Other elements of interest leached from the fresh tailing sample are Ni and Al. Given visual MINTEQ results, in the presence of P. putida medium (control), Ni is complexed by phosphates, which are concentrated in the growth medium. In total, 77% is complexed as NiHPO4 (aq), 14% is present as Ni2+, and 5% as NiSO4 (aq). When incubating the fresh tailing sample with P. putida, NiHPO4 remains dominant until day 4, when the pH reaches a value of 8.9. However, the diversification of Ni species increases over time, and at the end of the leaching period, Ni complexed with ammonia becomes dominant. Those species include Ni(NH3)22+ (31%), Ni(NH3)32+ (18%), and NiNH32+ (17%). When incubating the fresh tailing sample with A. thiooxidans at pH 2, Ni is distributed as 68% Ni2+ and 31% NiSO4 (aq) (Table S2). The main Ni species in solution, according to visual MINTEQ results, shows its strong affinity with sulfur, nitrogen, and phosphorus compounds. A negative significant correlation between Cr and Ni (R2 = 0.8) in the leachate is observed for all pulp densities during the leaching experiment with A. thiooxidans (pH = 2).
For Al, the presence of KH2PO4 and K2HPO4 in the P. putida growth medium induces the formation of AlHPO4+ as the dominant (97%) species in solution. When P. putida was inoculated at the beginning of the leaching experiment, when the pH was lower than 8, Al was present as three main species, including Al(OH)3, Al(OH)4, and AlHPO4+, representing 3.4%, 49.4%, and 46.5%, respectively. After three days, Al started precipitating due to the high pH, which varied from 8.9 to 9.6 between day 4 and 34. Visual MINTEQ simulation results predict the precipitation of Al as Gibbsite (Al(OH)3) and kaolinite (Al2Si2O5(OH)4).
Under more acidic conditions (leaching with the A. thiooxidans medium), with pH = 4, during the whole experiment, Al distribution did not change. The main Al species are AlHPO4+ (50%), AlSO4+ (25%), and AlSO42− (22%). Precipitation of Variscite (AlPO4 ·2H2O) is expected according to the thermodynamical modeling results (Table S3).
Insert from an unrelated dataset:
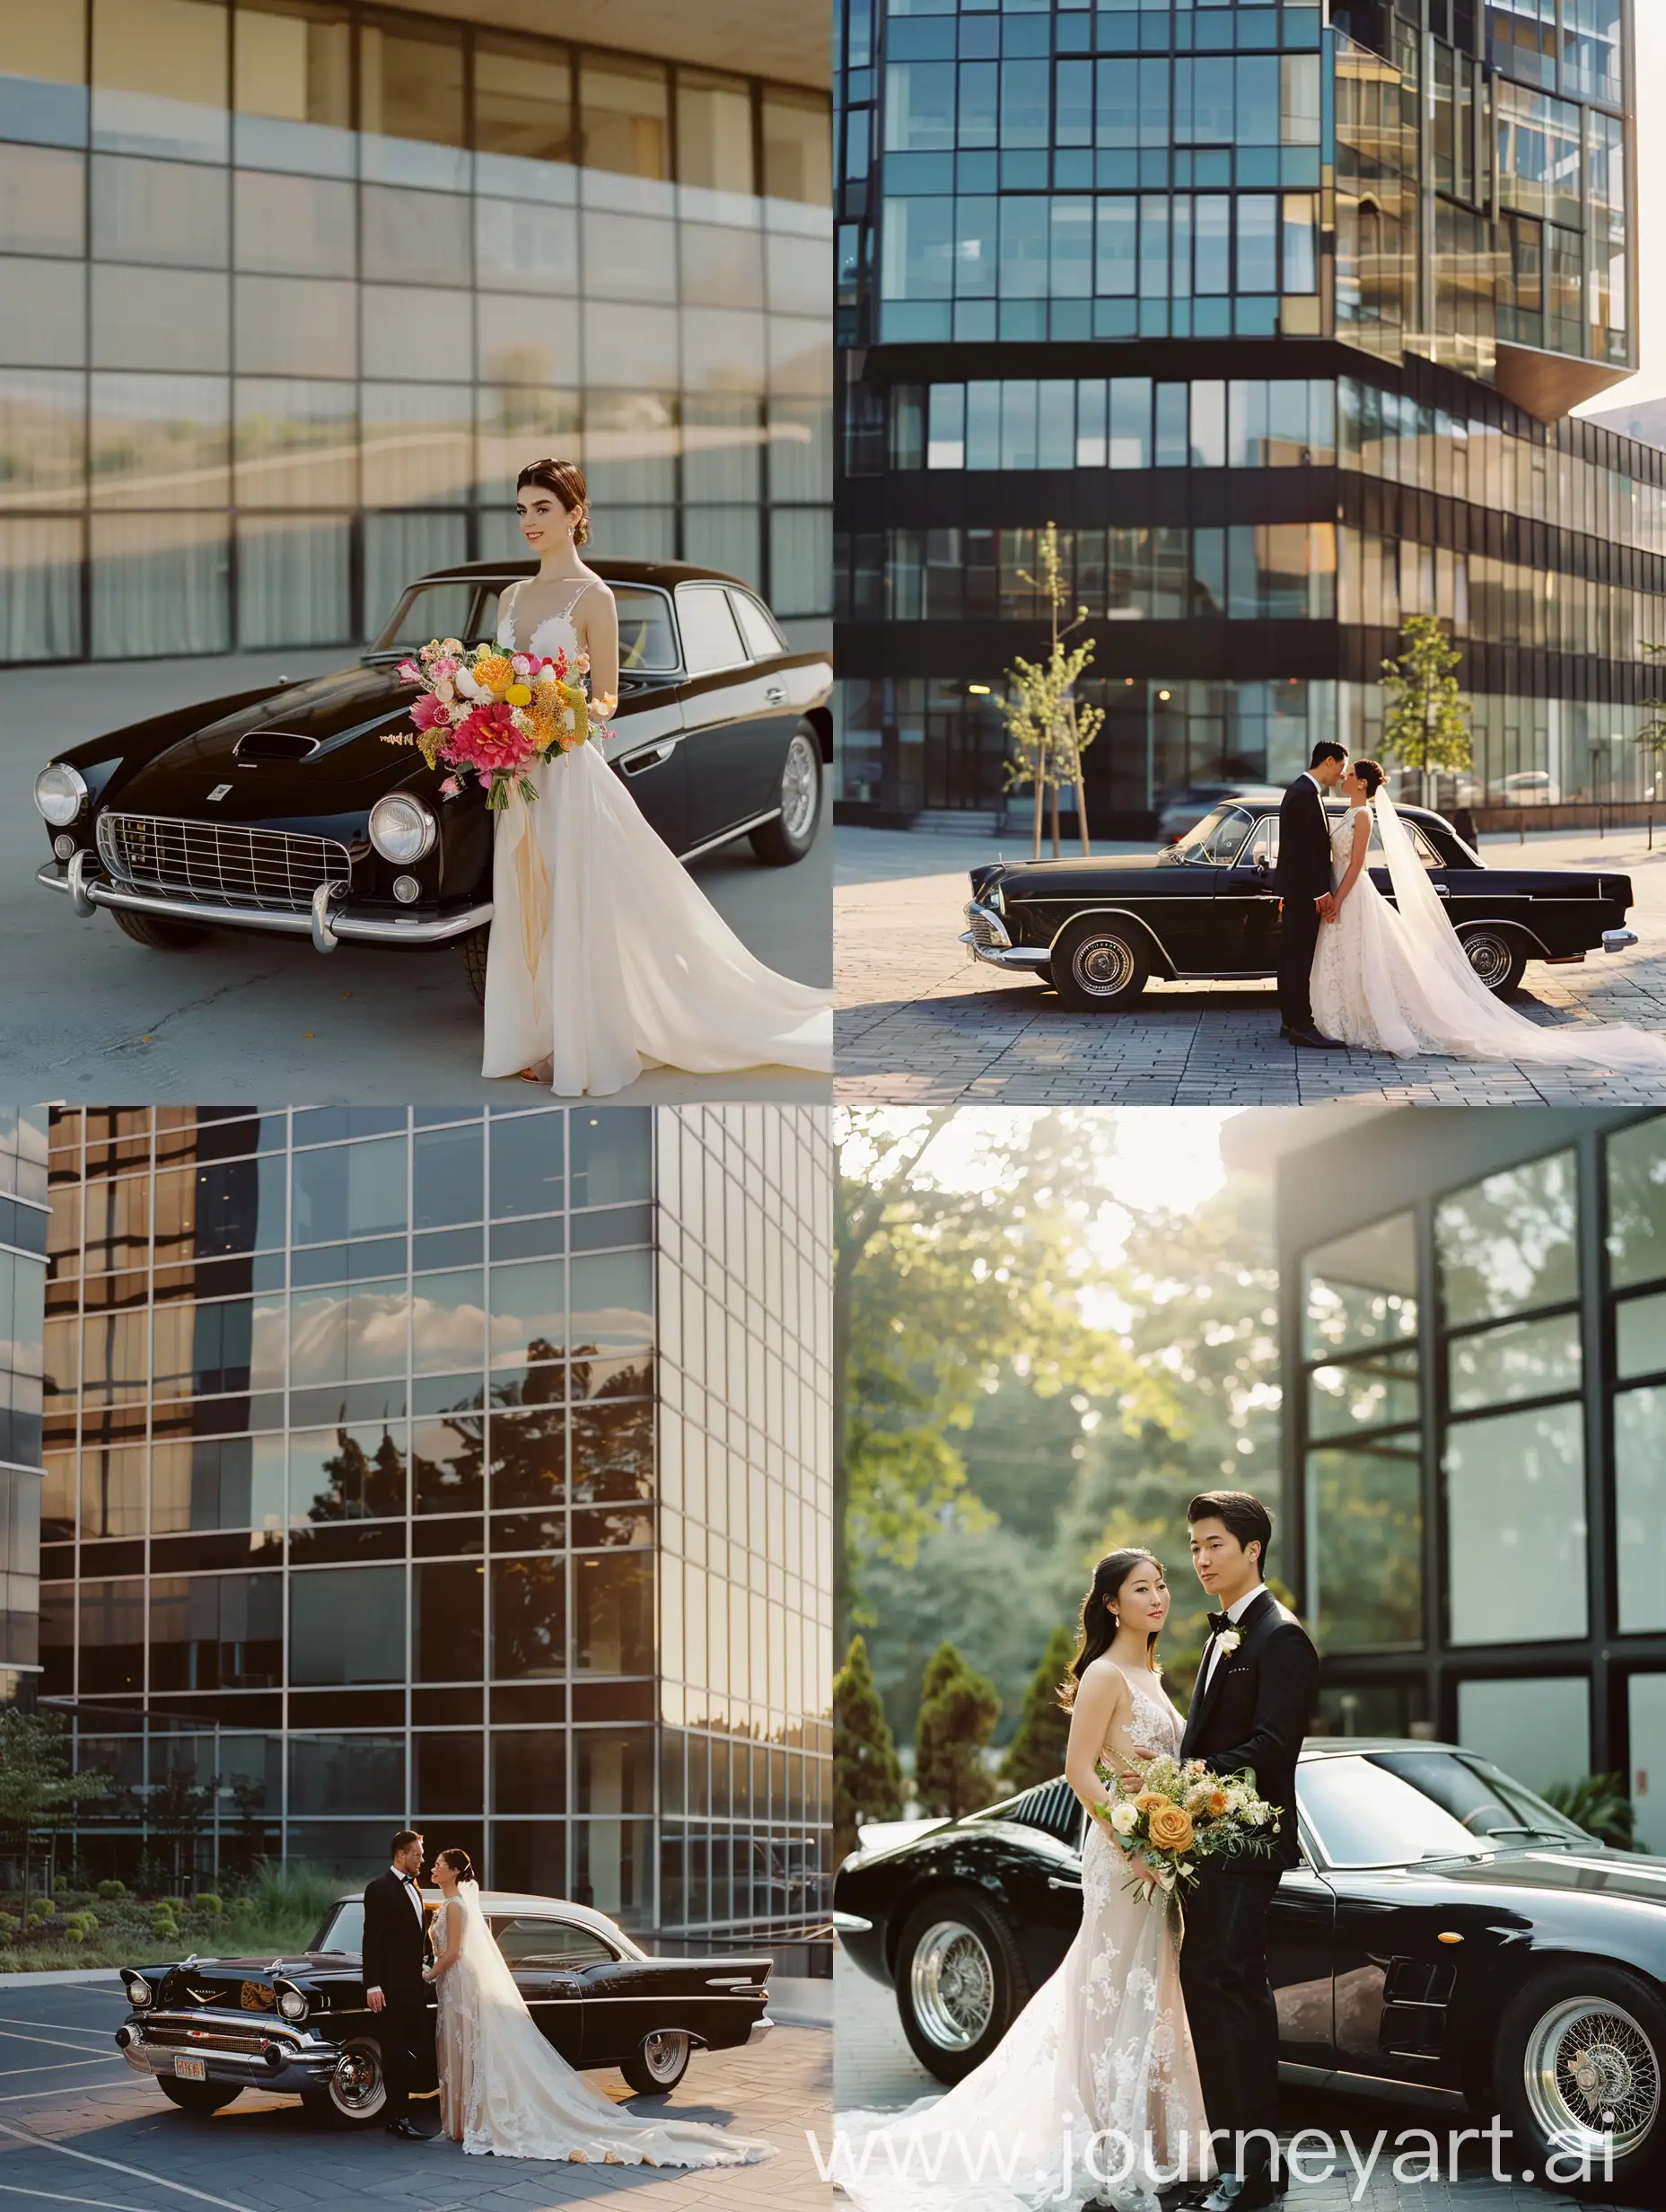 Modern-Building-Wedding-Photoshoot-with-Classic-Car

During incubation of the fresh tailings sample with A. thiooxidans, at pH 2, aluminum sulfate complexes (AlSO4+ and AlSO42−) became the dominant species throughout the leaching period, accounting for about 90% of the dissolved forms. Due to the acidic conditions, no precipitation occurs. In the leaching experiment with distilled water, Al is mainly present as Al(OH)3(aq) and Al(OH)4; however, part of the aluminum hydroxide could precipitate as a Gibbsite. A significant negative correlation between Cr and Al (R2 = 0.8) in the leachate is observed for all pulp densities during the leaching experiment with A. thiooxidans (pH = 2).

4.2. Bacterial Effect on Chromite Tailings Leachability

In the present work, two bacterial strains, A. thiooxidans and P. putida, were used for acidic and alkaline leaching conditions, respectively. In the previous section, the leaching of chromite tailings was discussed without including the possible bacterial effects. However, the differences in element concentrations observed over time (Figure 4, Figure 5, Figure 6, Figure 7 and Figure 8) between blanks, controls, and batch experiments inoculated with both strains, indicate that bacteria may play an important role in tailings leachability, other than as a simple pH controller. Despite Schindler et al. [11] finding no direct bacterial effect on the release of Cr from altered chromatites, they affirmed that the presence of bacteria in tailings, mine waste piles, and soils may control pH and Eh and thus indirectly control Cr redox chemistry. Under this premise, the role of bacteria on Fe and Cr mobility, as the most abundant compounds on tailings, was selected to discuss this point.
Initially, the only role of A. thiooxidans on Fe leaching was considered to be associated with the production of sulfuric acid, through the oxidation of both elemental sulfur and sulfide. However, Marreno et al. [32] demonstrated that A. thiooxidans is able to mediate reductive dissolution of laterite overburden coupled to the acidolysis under aerobic conditions. This chemolithoautotrophic bacterium has also been used to leach iron from low grade cobalt laterite [71], tailings [40,72], and laterite overburden [32]. As shown in Figure 4c, in leaching experiments with A. thiooxidans, Fe is permanently leached for all pulp densities, with higher Fe concentrations for 5 and 10 g/L. Considering that the increase in total iron concentration does not evidence a bacterial effect, batch experiments inoculated with A. thiooxidans were compared with batch experiment with distilled water acidified at pH 2 with 1 N H2SO4 for a pulp density of 30 g/L (Figure S3b). In the batch experiment with acidified distilled water (pH 2), for a pulp density of 30 g/L, Fe extracted reached a total of 479 mg/kg in 11 days, while at the same pulp density, the batch experiment inoculated with A. thiooxidans total Fe only reached 213 mg/kg. Nevertheless, when fresh chromite tailings leaching with A. thiooxidans was performed with a pulp density of 5 and 10 g/L, the total amount of Fe extracted was 834 and 1108 mg/kg, respectively. This could suggest an inhibitory effect of A. thiooxidans at a pulp density of 30 g/L due to the release of toxic elements in the leachate such as Cr (946 µg/L) and Ni (843 µg/L). Jang and Valix [73] reported a bacteriostatic effect of Ni and Cu on A. thiooxidans for the leaching of saprolitic Ni laterite ores.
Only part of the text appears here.